5.1.5. Local Generated Dataset by Testbed

The customized dataset was developed in a controlled network environment.

As shown in Figure 4 we created VLANs 1, 49, 59, 79, 89, 99, and 40 for the targeted host as a victim of the attacker. VLAN 165 is only applicable to users of training units. VLAN 69 is used as the attack host, and monitoring is performed on VLAN 1. All networks can access the Internet normally. The attack plan was configured to generate an attack every 30 min from 00 h 00 m 00 s to 23 h 59 m 00 s within 24 h. All attacks were executed by the attacker’s host 192.168.60.100, during which no legitimate traffic was sent to the victim. The attack tool was parameterized and can generate covert small, medium, and lightweight modes and large-scale attacks. Table 4 shows the eight types of protocol-based and application-based attacks that were used for four different attack tools.

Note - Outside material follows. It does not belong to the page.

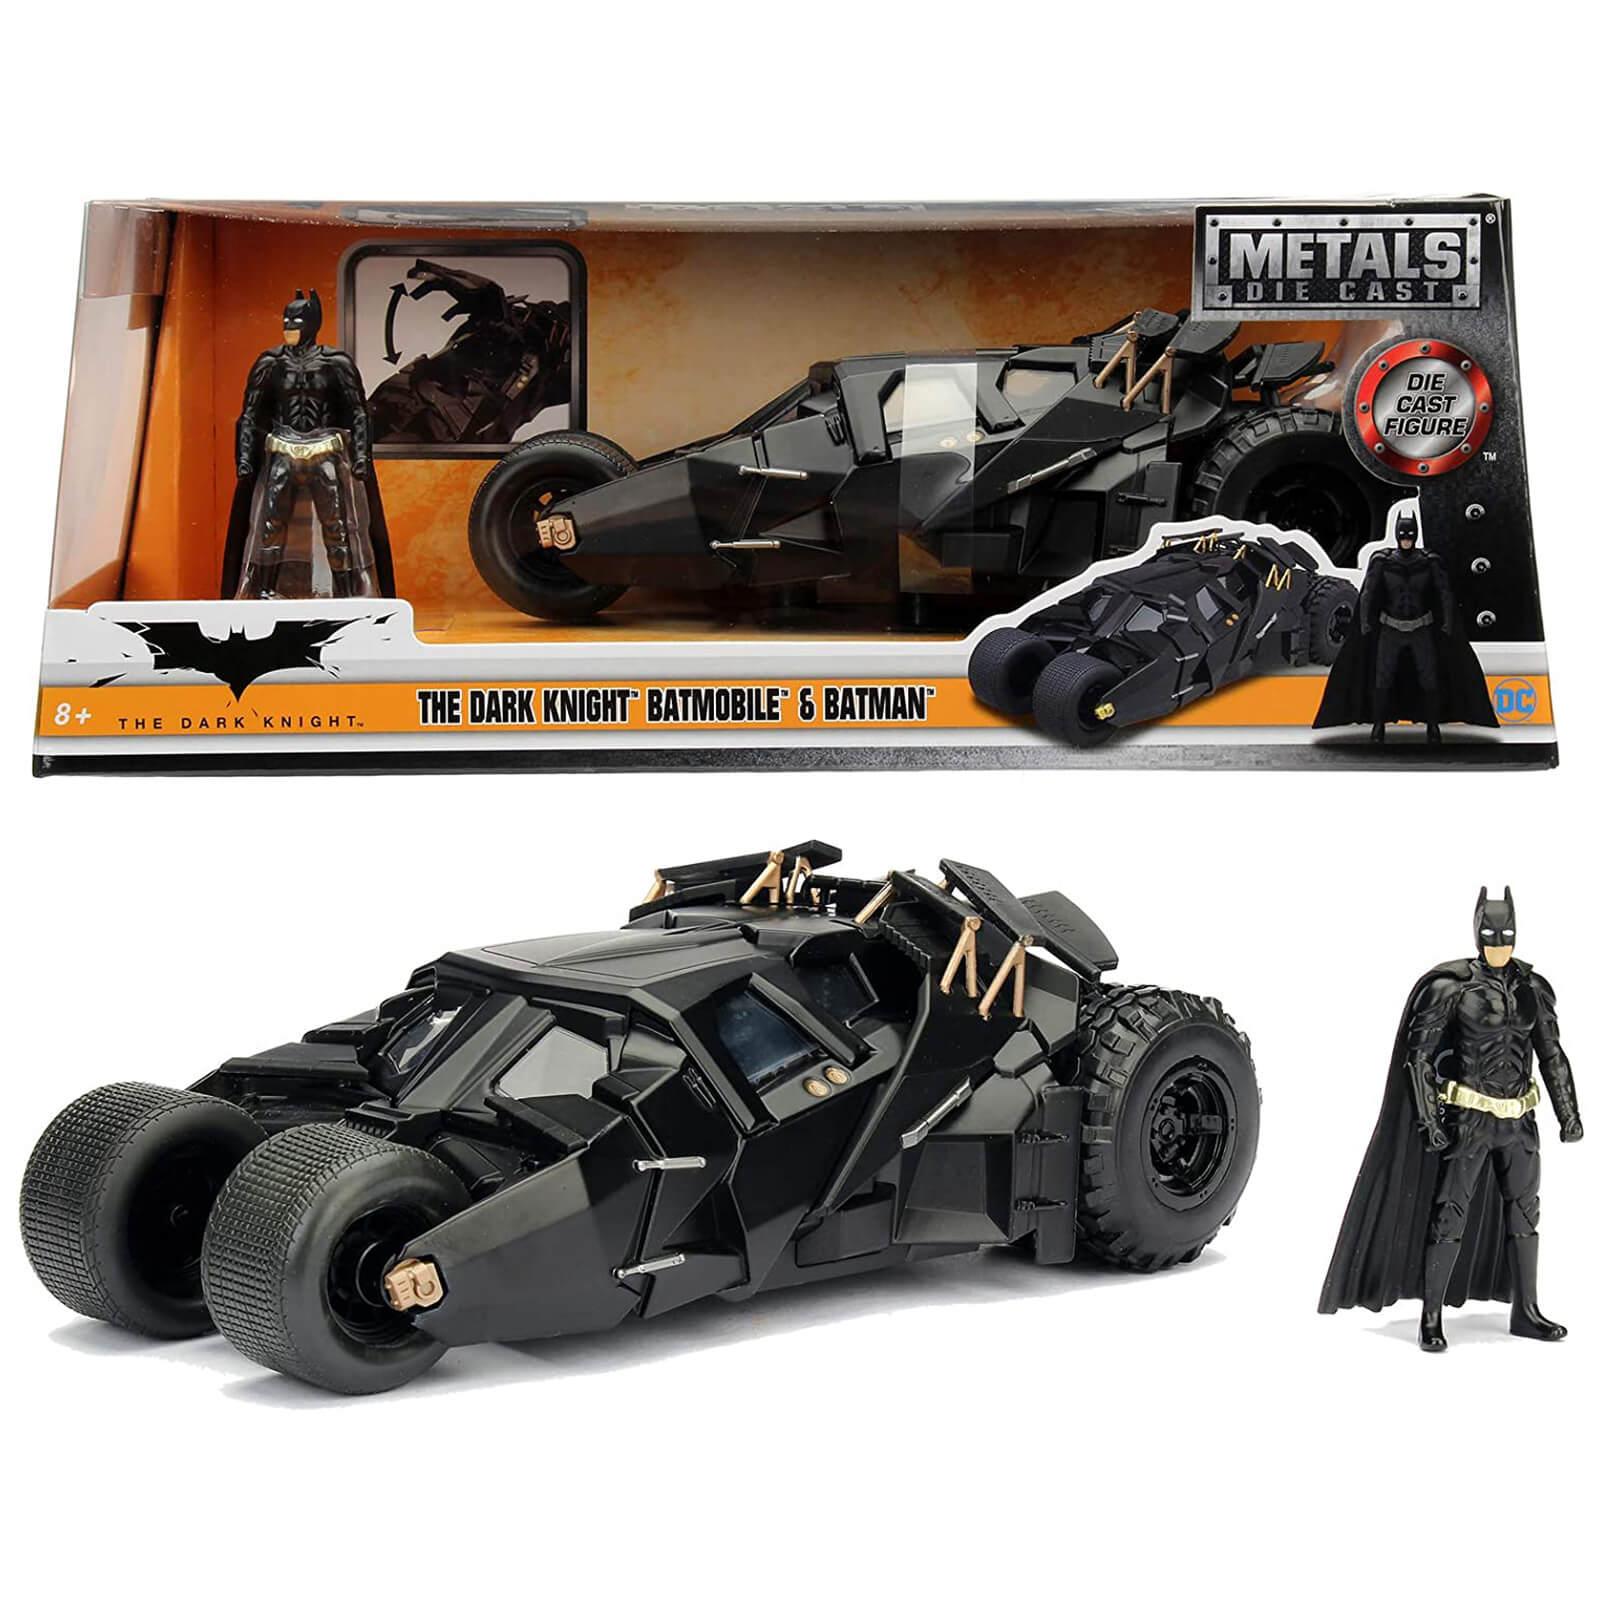 Jada Toys Batman The Dark Knight Batmobile 1:24

The duration of protocol-based attacks and application-based mass attacks is 30 s, while the period of application-based small-batch attacks is 30 to 240 s.

When we used the slow HTTP test tool to complete a minor attack, the number of connection parameters was 3000 instead of the default option of 100 connections.

5.2. Lab Experiments

We conducted lab experiments in the IT lab in four steps. The first step was to examine the traffic data from the traffic captured files (.pcap) and collect 90 days of traffic. In the second step, we designed an attack strategy and linked and analyzed different parameters from collected data, such as the source addresses, destination addresses, attack type, and attack duration. In step three, we classified the traffic and performed preprocessing. After classification, in step four for evaluation, we compared the attack plan with results to ensure that the system performed as expected.

We also included traffic data from the most used datasets, such as CIC-DoS, CICIDS2017, and CSE-CICIDS2018, with custom-generated data sets to meet the first two steps of the verification process. Traffic preprocessing and classification were set up as detailed in step three. We used TcpReplay software and an intelligent detection system with two virtual Linux machines using OVS (Open Virtual Switch) in the lab experiments (see Figure 5).

5.3. Result Discussion

The proposed approach was evaluated using the above datasets, system setup, and metrics. One of the most common findings was that the CSE-CIC-IDS2018 data set yielded the most precise results when all three parameters were set to 100%: 100 percent.

“DR” refers to “detection rate”, which measures the proportion of actual positive cases that were correctly identified as positive by the algorithm or model being evaluated. An 80% detection rate meant that the algorithm correctly identified 80% of the positive cases. “FAR” stands for “false alarm rate”, which measures the proportion of negative cases that are incorrectly identified as positive. A 2% false alarm rate means that only 2% of the negative cases were falsely identified as positive. “PREC” refers to “precision”, which measures the proportion of true positive cases among all cases that were identified as positive. A precision of 99.20% means that 99.20% of the cases that were identified as positive were actually true positives.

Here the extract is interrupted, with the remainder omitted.